Division 1 Release on parole 125 Application of Part This Part applies to:(a) an offender who is serving a sentence by way of full-time
detention, and
(b) an offender who is serving a sentence by way of periodic
detention, and
(c) an offender who is serving a sentence by way of home
detention.
126 Eligibility for release on parole (1) Offenders may be released on parole in accordance with this
Part. (2) An offender is eligible for release on parole only if:(a) the offender is subject to at least one sentence for which a
non-parole period has been set, and
(b) the offender has served the non-parole period of each such
sentence and is not subject to any other sentence.

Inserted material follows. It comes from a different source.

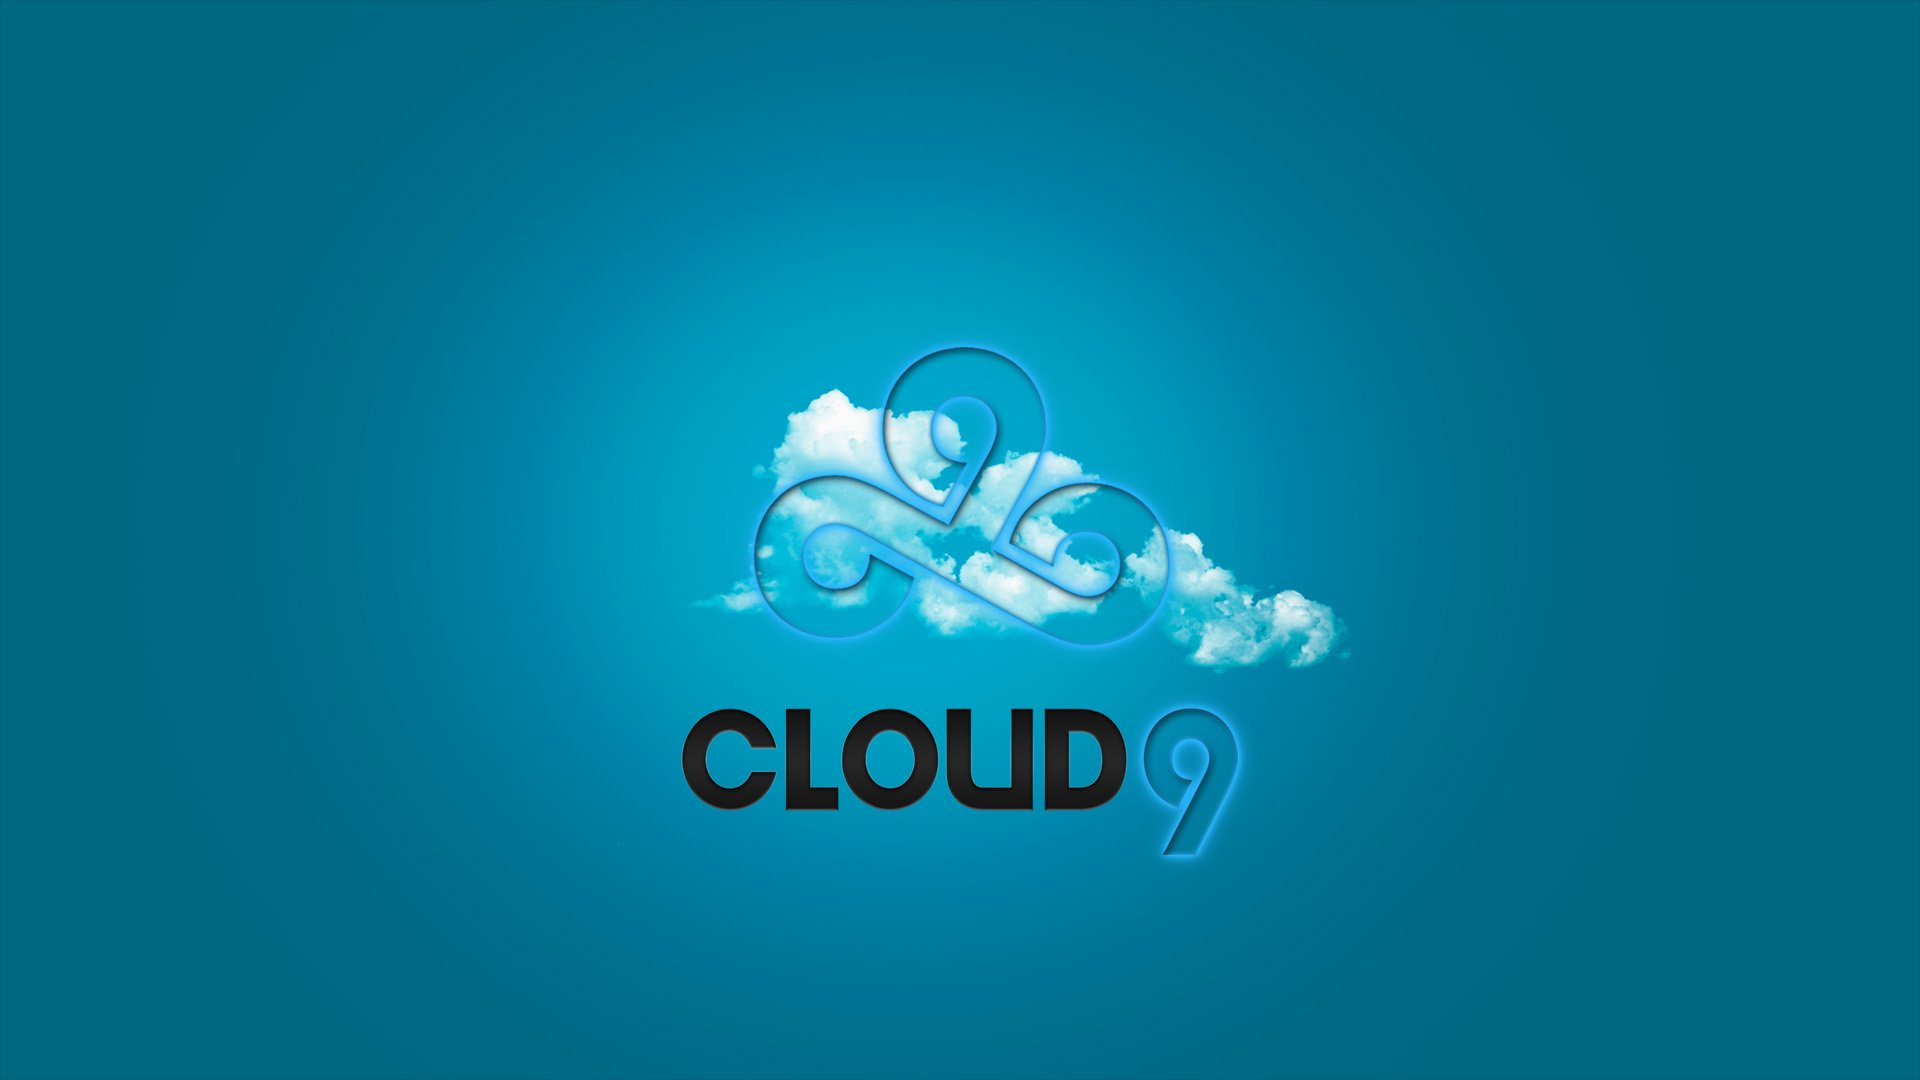 Blue Wallpaper For Cloud 9 Team League Of Legends Hd Wallpaper

(3) Nothing in this Part authorises the release of an offender who is
required to be kept in custody in relation to an offence against a law of the
Commonwealth. (4) An offender is not eligible for release on parole if the offender
is the subject of a continuing detention order under the Crimes (Serious Sex Offenders) Act
2006.
127 Parole order necessary for release An offender who is eligible for release on parole may not be
released on parole except in accordance with a parole order directing the
release of the offender. 128 Conditions of parole generally (1) A parole order is subject to the following conditions:(a) the standard conditions imposed by this Act or the
regulations,
(b) any additional conditions imposed by the sentencing court
(including any conditions that are, under section 51 (1AA) of the Crimes (Sentencing Procedure) Act
1999, taken to be included in the order),
(c) any additional conditions imposed by the Parole Authority under
this section.
(2) The Parole Authority may from time to time, by written notice
given to the offender:(a) impose additional conditions on a parole order,
or
(b) vary or revoke any additional conditions imposed by it or by the
sentencing court on a parole order.
(2A) The conditions of a parole order must include conditions giving
effect to a post-release plan, prepared by the Probation and Parole Service
and adopted by the Parole Authority, in relation to the
offender. (3) Without limiting subsection (2A), but subject to section 128B, the
conditions of a parole order may include conditions requiring that the
offender to whom the order relates be subject to supervision prescribed by the
regulations, during the period specified by or under the order or the
regulations. (4) This section does not permit the Parole Authority:(a) to revoke any standard conditions imposed by this Act or the
regulations, or
(b) to impose any additional conditions, or vary any additional
conditions imposed by it or by the sentencing court, so as to be inconsistent
with any standard conditions imposed by this Act or the
regulations.
128A Conditions of parole as to non-association and place
restriction (1) The conditions to which a parole order is subject may include
either or both of the following:(a) provisions prohibiting or restricting the offender from
associating with a specified person,
(b) provisions prohibiting or restricting the offender from
frequenting or visiting a specified place or
district.
(2) A condition referred to in subsection (1) (a) or (b) is
suspended:(a) while the offender is in lawful custody (otherwise than while
unescorted as referred to in section 38 (2) (a)), and
(b) while the offender is under the immediate supervision of a public
servant employed within the Department of Juvenile Justice pursuant to a
condition of leave imposed under section 24 of the Children (Detention Centres) Act
1987.
(3) An offender does not contravene a prohibition or restriction as to
his or her association with a specified person:(a) if the offender does so in compliance with an order of a court,
or
(b) if, having associated with the person unintentionally, the
offender immediately terminates the association.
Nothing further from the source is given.